Detroit Auto Show Day 1 - Chrysler Group

As always, Chrysler Group has the most interesting press conferences. At one point, Eva Longoria (Desperate Housewives) wandered across the stage, desperate for something. After things returned to normal, we got to see, once again, why Chrysler is the healthiest of the “domestic” manufacturers and why Eva was, “desperate.” As I said earlier, I am not a big fan of concept cars that never see production because they are, A.) over designed and B.) can’t be manufactured because the design goes too far and C.) have a powertrain that can’t, realistically, go into mass production (e.g. Hydrogen cars, pure electrics, flywheel cars, etc.)
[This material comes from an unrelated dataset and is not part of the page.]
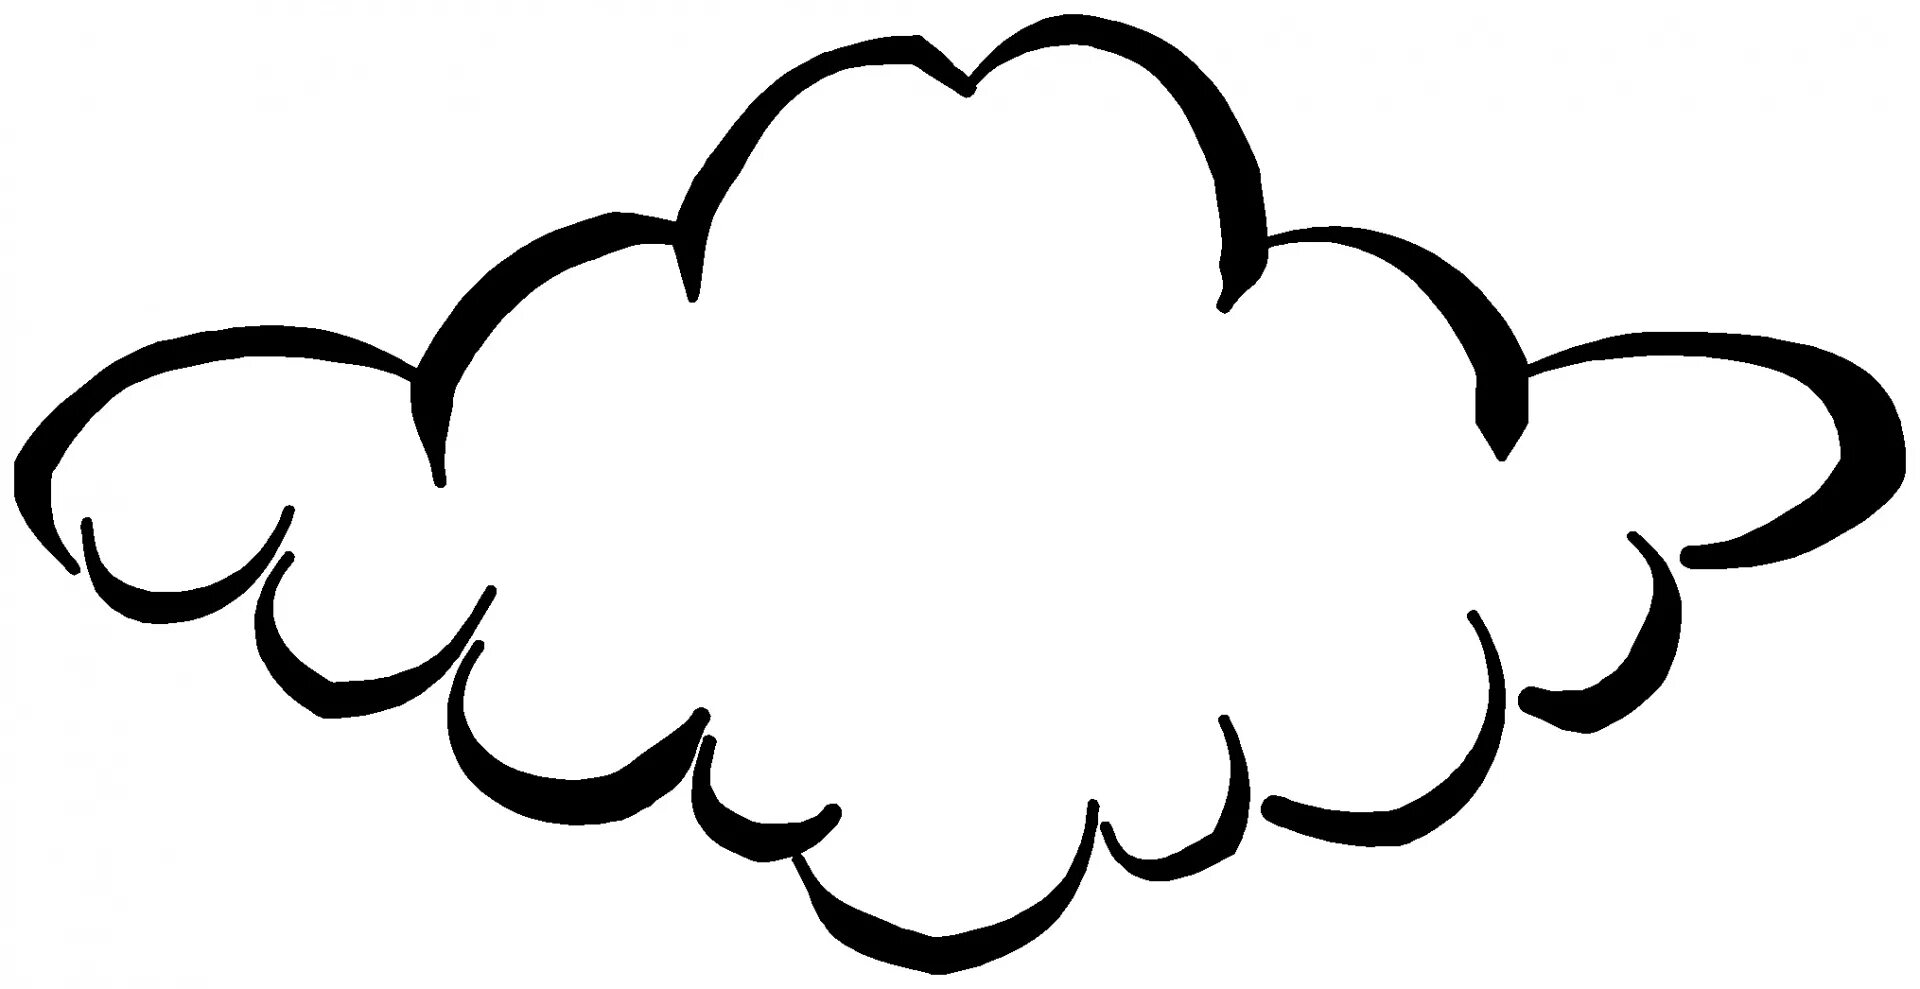 Облачко для рисования. Облако контур. Облако для детей. Контур облака на прозрачном фоне.

I have no doubt that both the concepts shown by Chrysler Groupwill be in production soon because they have a past history and, more importantly, a current Chrysler Group platform accommodate their production (the 300).

The Dodge Challenger concept continues Chrysler Groups’s back to the future strategy. Shown in a lovely burnt orange, it brings back memories of cruising Woodward Avenue (the main drag strip for those who spent their wayward youth in Detroit). Of course, it has a 425 hp hemi with 0-60 times in about 4.5 seconds and a top speed of 174 mph. Well…so much for the energy crisis. If we’re gonna go, we might as well go in style, right?
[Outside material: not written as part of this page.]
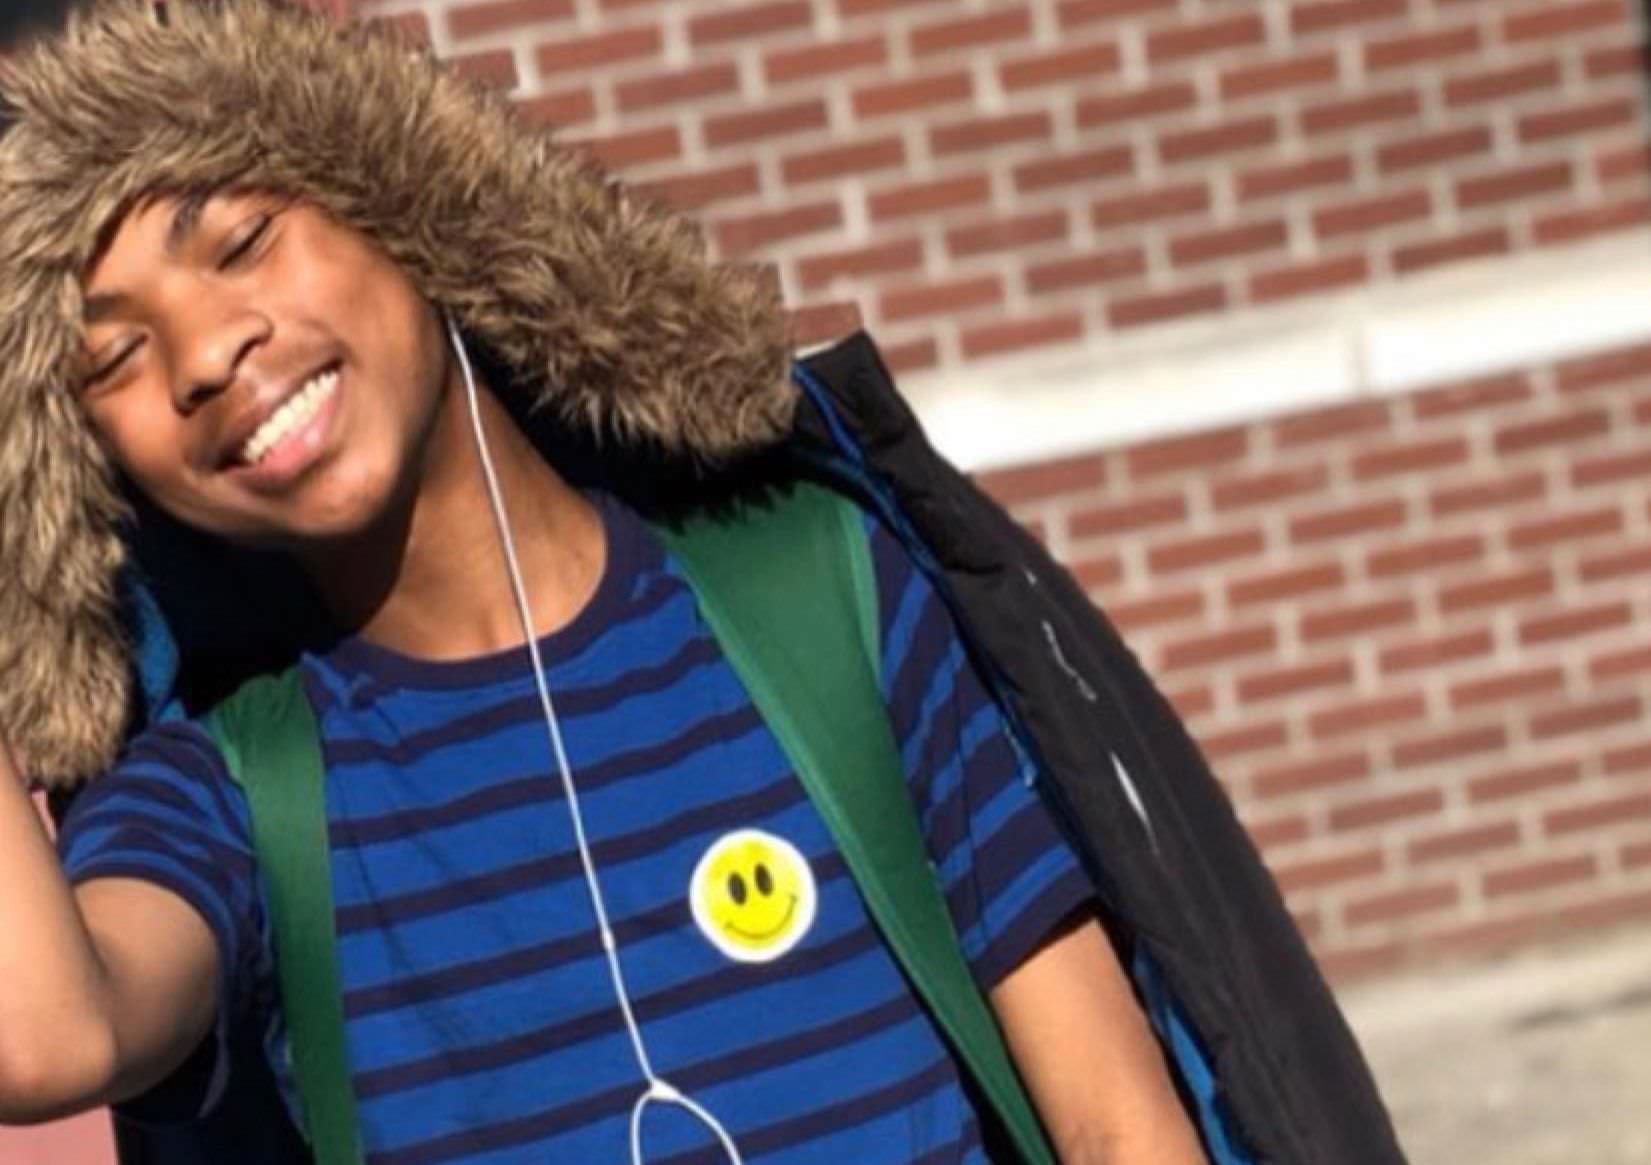 Adolescente gay se suicida após sofrer bullying e homofobia na escola
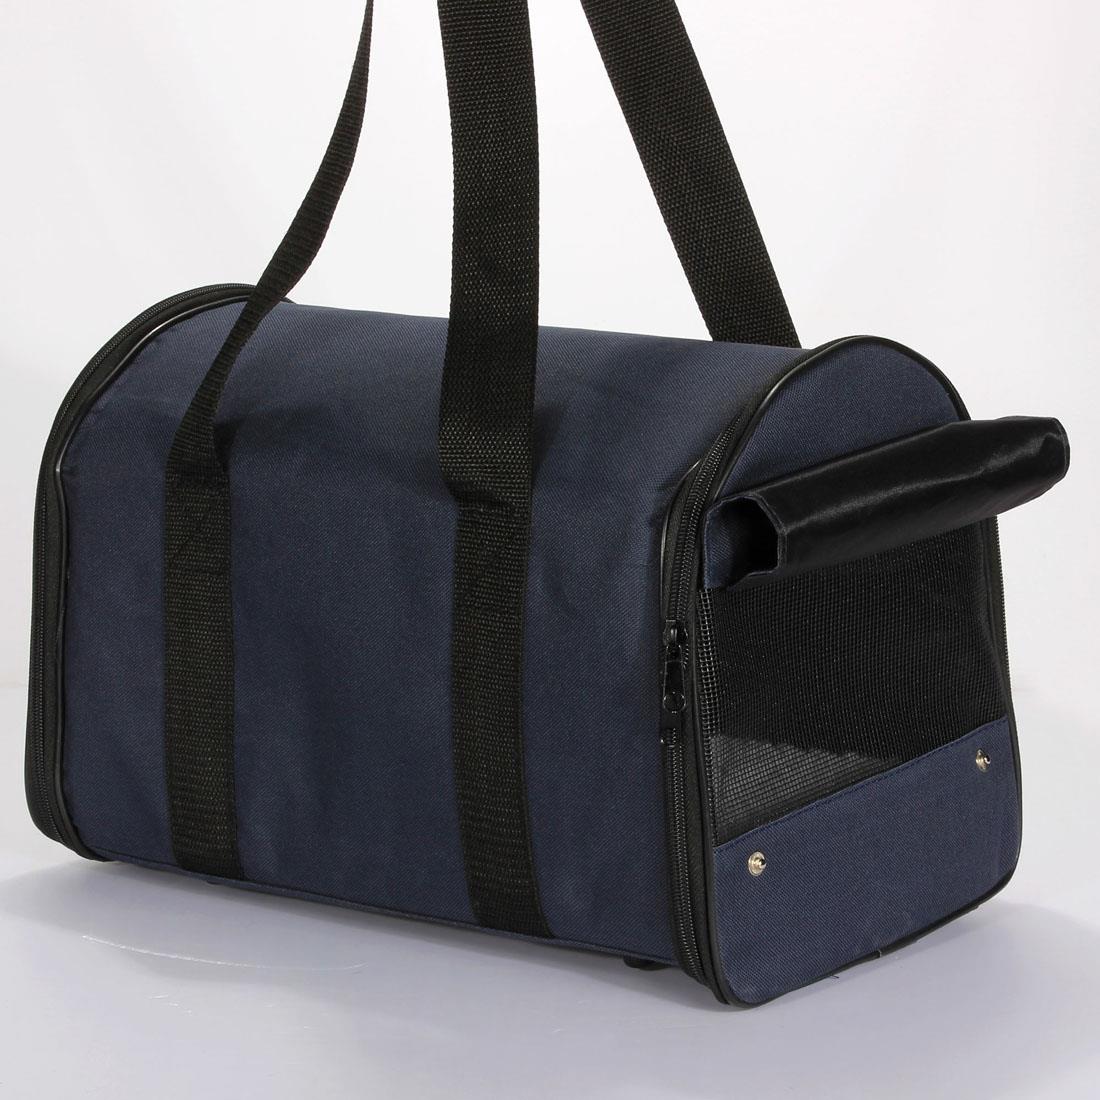 Portable Pet Travel Carrier Cage Kennel Bag Crate (Medium)   Blue

Back in the day you knew you’d arrived when the hood of your car came up to your armpit. Well, we’re back in the day now. The Chrysler Imperial concept is all hood…and then some. Like its predecessors in the new Chrysler/Dodge sedan lineage, one is reminded of a Rolls Royce. Or as the press release says,

Like the great Imperials of Chrysler’s storied past, the 2006 Imperial concept vehicle is designed as Chrysler’s flagship, a luxury sedan that is elegant, provocative, aspirational, yet attainable.

For inspiration, the designers looked not only to the classic Imperials of the 1930s and 1950s but also to Chrysler’s long tradition of creative concept cars, from the earlier Chrysler d’Elegance and Falcon to the more recent Chrysler Chronos and Firepower. This rich heritage is expressed in the crisp line that parallels the sill, then arches up over the rear wheel and flows to the rear of the car, signaling that this is a powerful rear-drive automobile.

One also realizes…Chrysler has once again taken the lead in being distinct and continues to extend that philosophy with this latest powerful rear wheel drive saloon. One interesting feature, the doors hinge at the A (front) and C (last) pillar so the doors open similar to French Doors (once known in the auto industry as, “suicide doors”). Oh yes, it’s got a 340 hp hemi. Sensing a theme here?